→ **Instructions for the task**:
Would you repeat the listing exactly but omit every picture?

→ **Dataset excerpt**:
***

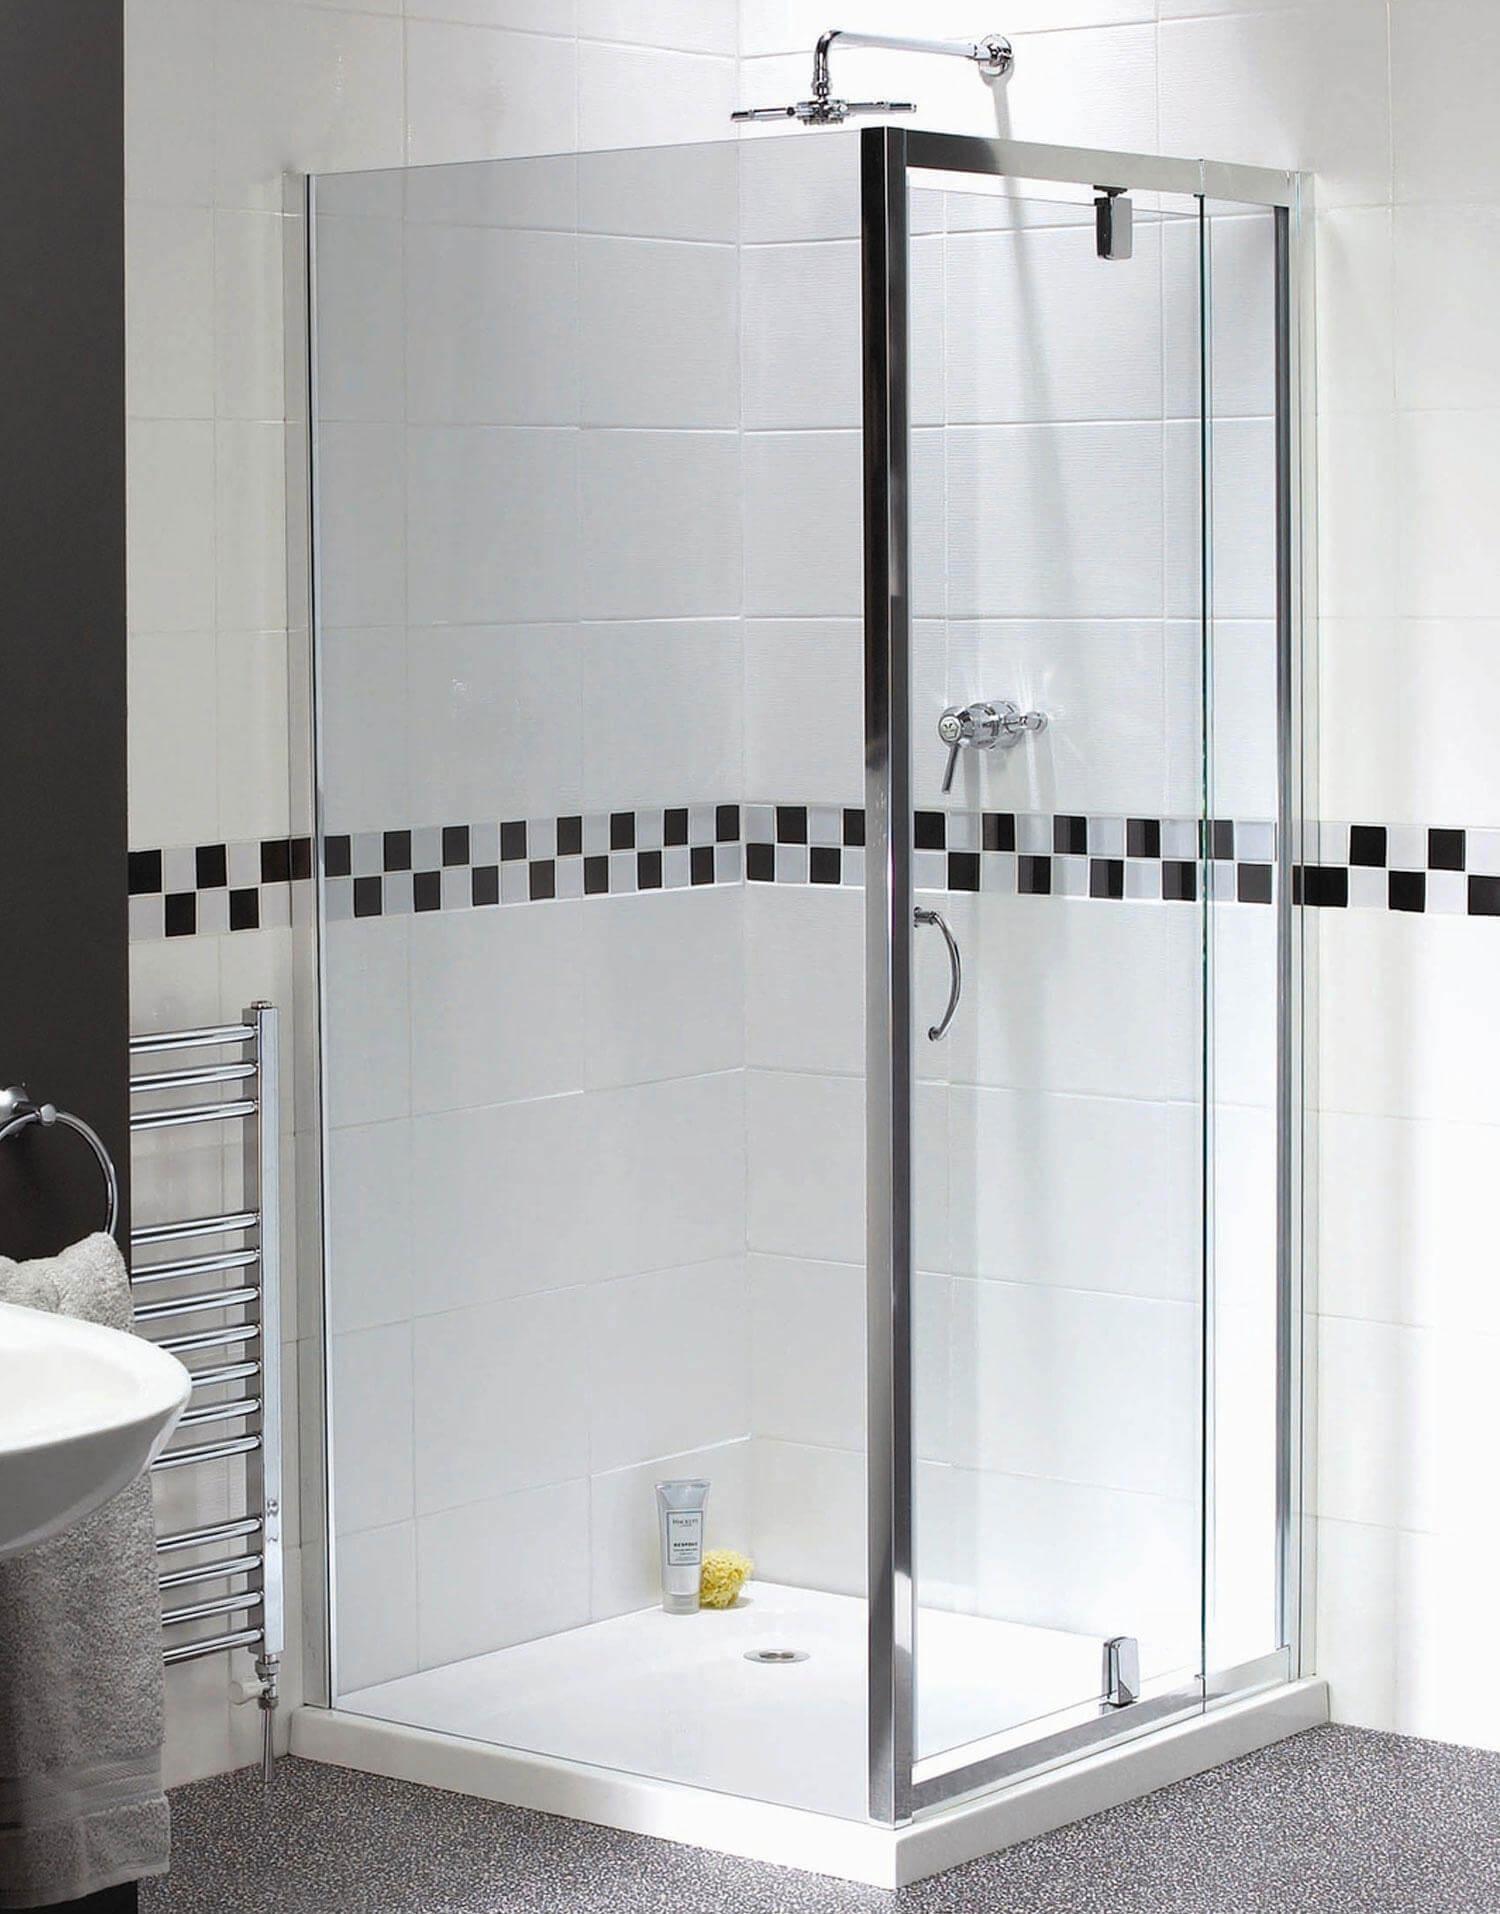 Aqualux Shine Telescopic Pivot Shower Door 760 900mm Fen0894aqu
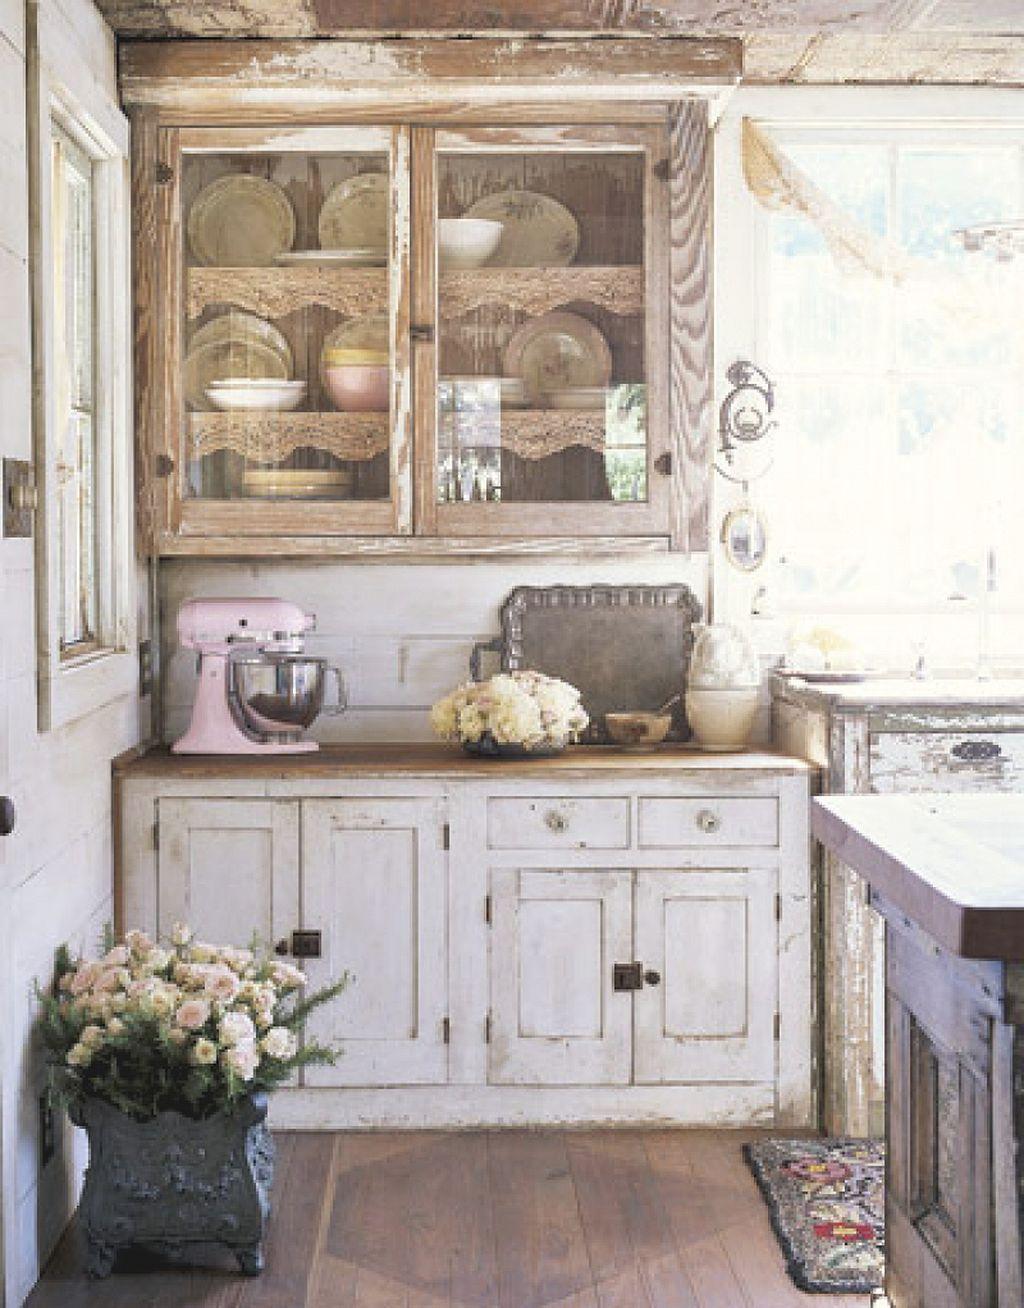 40 Shabby Chic Kitchen Decor Ideas 6
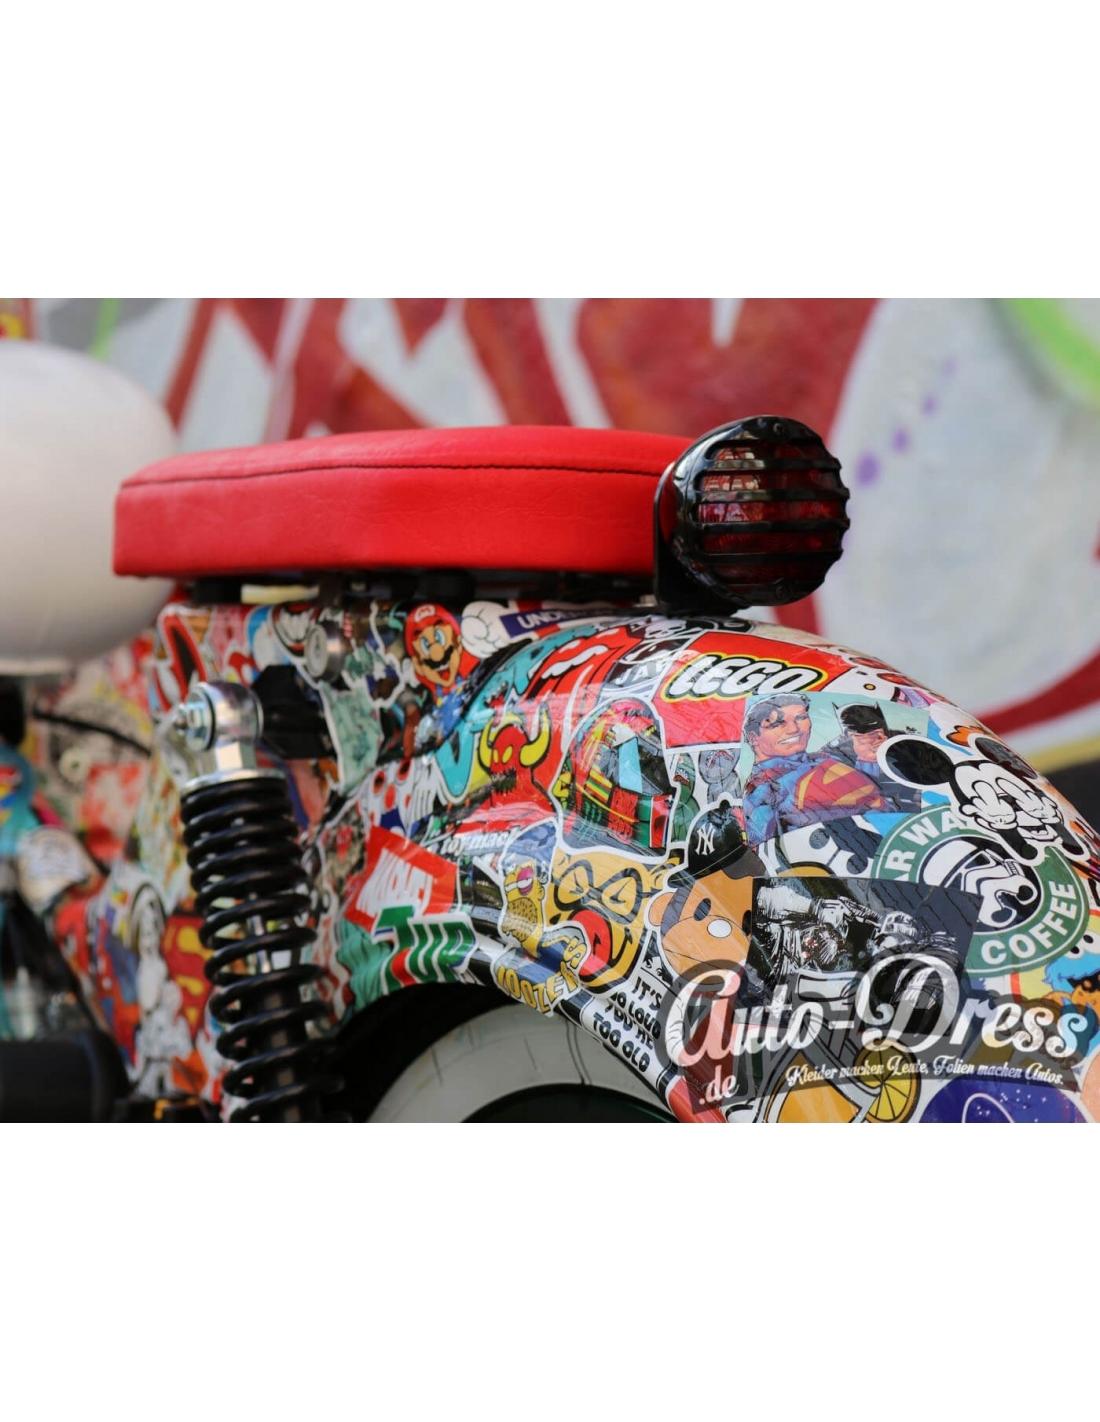 100 Aufkleber Sticker Retro Graffiti Style Echte
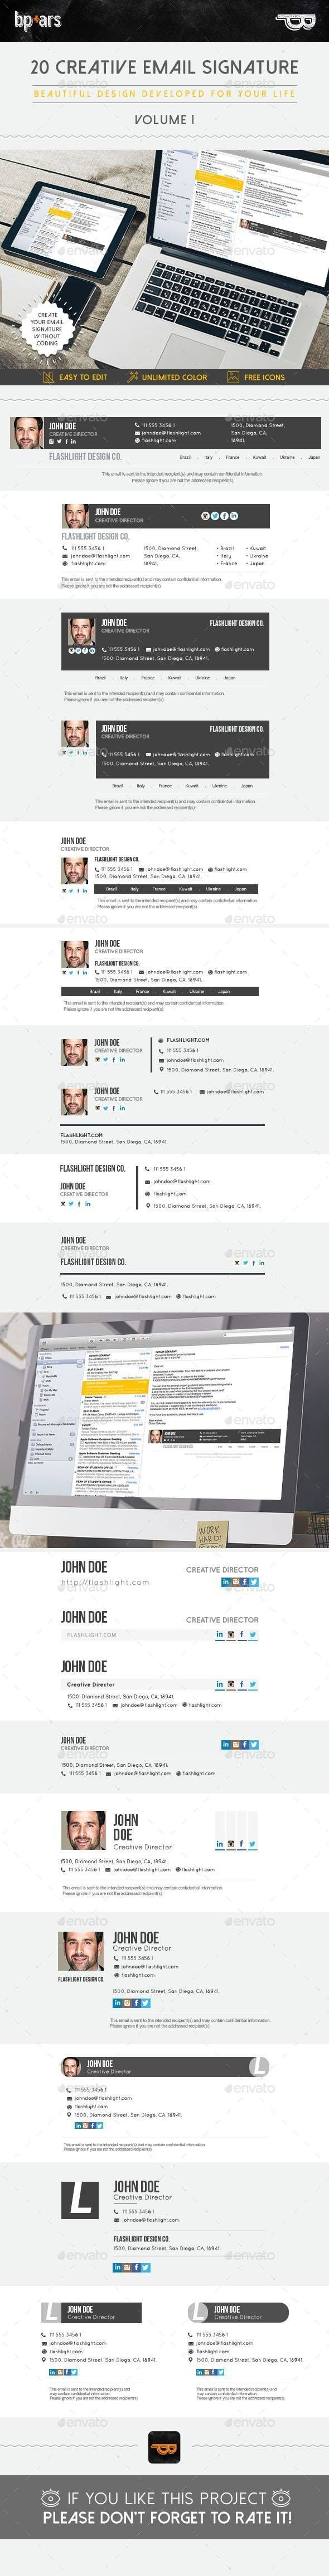 20 Email Signature Affiliate Email, Sponsored,

***

→ **Response area**:
 Aqualux Shine Telescopic Pivot Shower Door 760 900mm Fen0894aqu
 40 Shabby Chic Kitchen Decor Ideas 6
 100 Aufkleber Sticker Retro Graffiti Style Echte
 20 Email Signature Affiliate Email, Sponsored,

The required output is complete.